Now we’re going to make a three panel plot, one panel for each species. Within each panel, we’ll plot the penguins’ bill lengths vs. their flipper lengths:

# Set up the plot area
par(mfrow = c(3, 1), mar = c(4, 4, 2, 1))

# Loop over the species and create a plot for each one
for (i in seq_along(species_split)) {
  species_data <- species_split[[i]]
  plot(x = species_data$bill_length_mm, y = species_data$flipper_length_mm,
       xlab = "Bill length (mm)", ylab = "Flipper length (mm)",
       main = names(species_split)[i],
       xlim = range(penguins_subset$bill_length_mm, na.rm = TRUE),
       ylim = range(penguins_subset$flipper_length_mm, na.rm = TRUE))
}
plot of chunk base-penguin-plot-1

plot of chunk base-penguin-plot-1

That’s a nice basic plot! But you know what would make it nicer? If we added a penguin silhouette to the plot. Sadly, we don’t have a different silhouette for each species (although we could make one…), so let’s just go with putting a single silhouette in the top panel. To do that, we can use the add_phylopic_base() function. Note that the x and y arguments specify the center of the silhouette, and the height argument specifies how tall the silhouette is in the units of the y-axis.

# Set up the plot area
par(mfrow = c(3, 1), mar = c(4, 4, 2, 1))

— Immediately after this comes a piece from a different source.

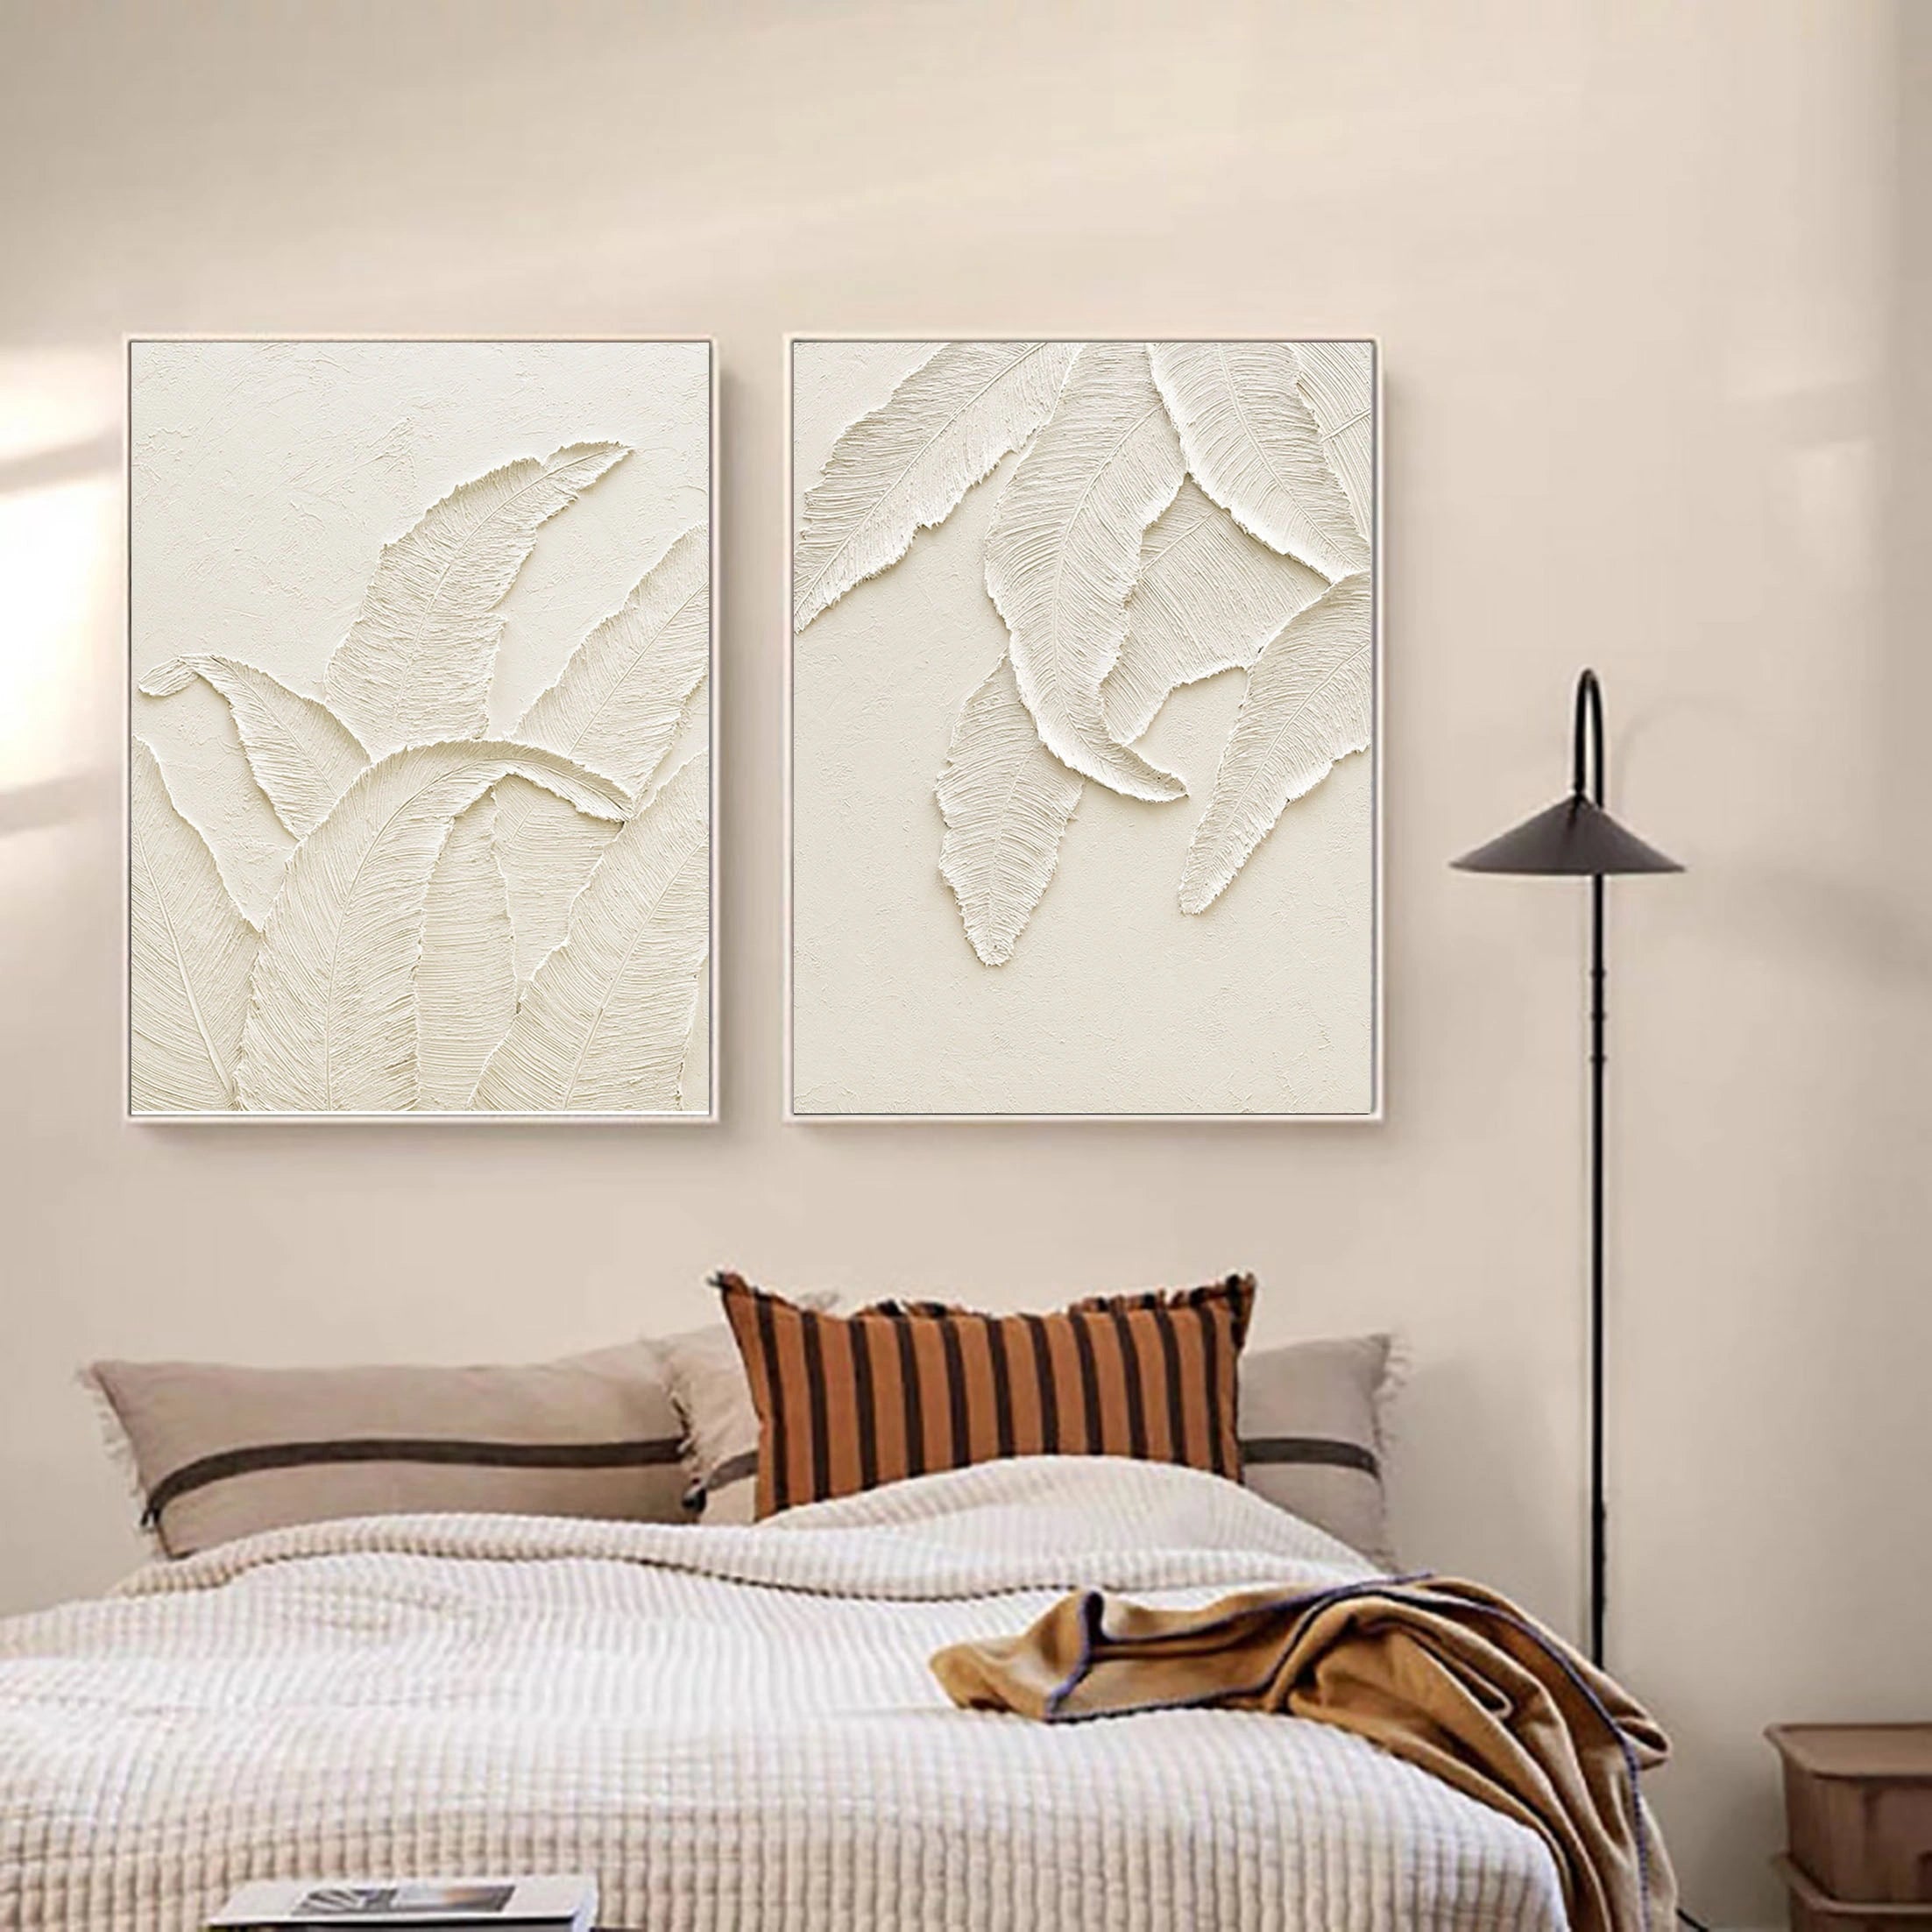 Set of 2 Plaster Art Painting Minimalistic Wall Artwork for Room Decor

# Loop over the species and create a plot for each one
for (i in seq_along(species_split)) {
  species_data <- species_split[[i]]
  plot(x = species_data$bill_length_mm, y = species_data$flipper_length_mm,
       xlab = "Bill length (mm)", ylab = "Flipper length (mm)",
       main = names(species_split)[i],
       xlim = range(penguins_subset$bill_length_mm, na.rm = TRUE),
       ylim = range(penguins_subset$flipper_length_mm, na.rm = TRUE))
  if (i == 1) add_phylopic_base(img = penguin_rot, x = 59, y = 215, height = 30)
}
plot of chunk base-penguin-plot-2

plot of chunk base-penguin-plot-2

Isn’t that nifty! We can go a step further, though. What if we used little penguins instead of points?! To do that, we can once again use the add_phylopic_base() function. In this case, we can again specify img = penguin_rot since we want to use the same image for each x-y pair:

# Set up the plot area
par(mfrow = c(3, 1), mar = c(4, 4, 2, 1))

# Loop over the species and create a plot for each one
for (i in seq_along(species_split)) {
  species_data <- species_split[[i]]
  plot(NA, xlab = "Bill length (mm)", ylab = "Flipper length (mm)",
       main = names(species_split)[i],
       xlim = range(penguins_subset$bill_length_mm, na.rm = TRUE),
       ylim = range(penguins_subset$flipper_length_mm, na.rm = TRUE))
  add_phylopic_base(img = penguin_rot,
                    x = species_data$bill_length_mm,
                    y = species_data$flipper_length_mm)
}
plot of chunk base-penguin-plot-3

plot of chunk base-penguin-plot-3

Oh no, the silhouettes are way too big! The default for add_phylopic_base() is to make the silhouette the same height as the plot, which is way too big for our case here. Let’s make the size of the silhouettes relative to the penguins’ body masses. A scaling factor of 8 seems to work well for this size figure.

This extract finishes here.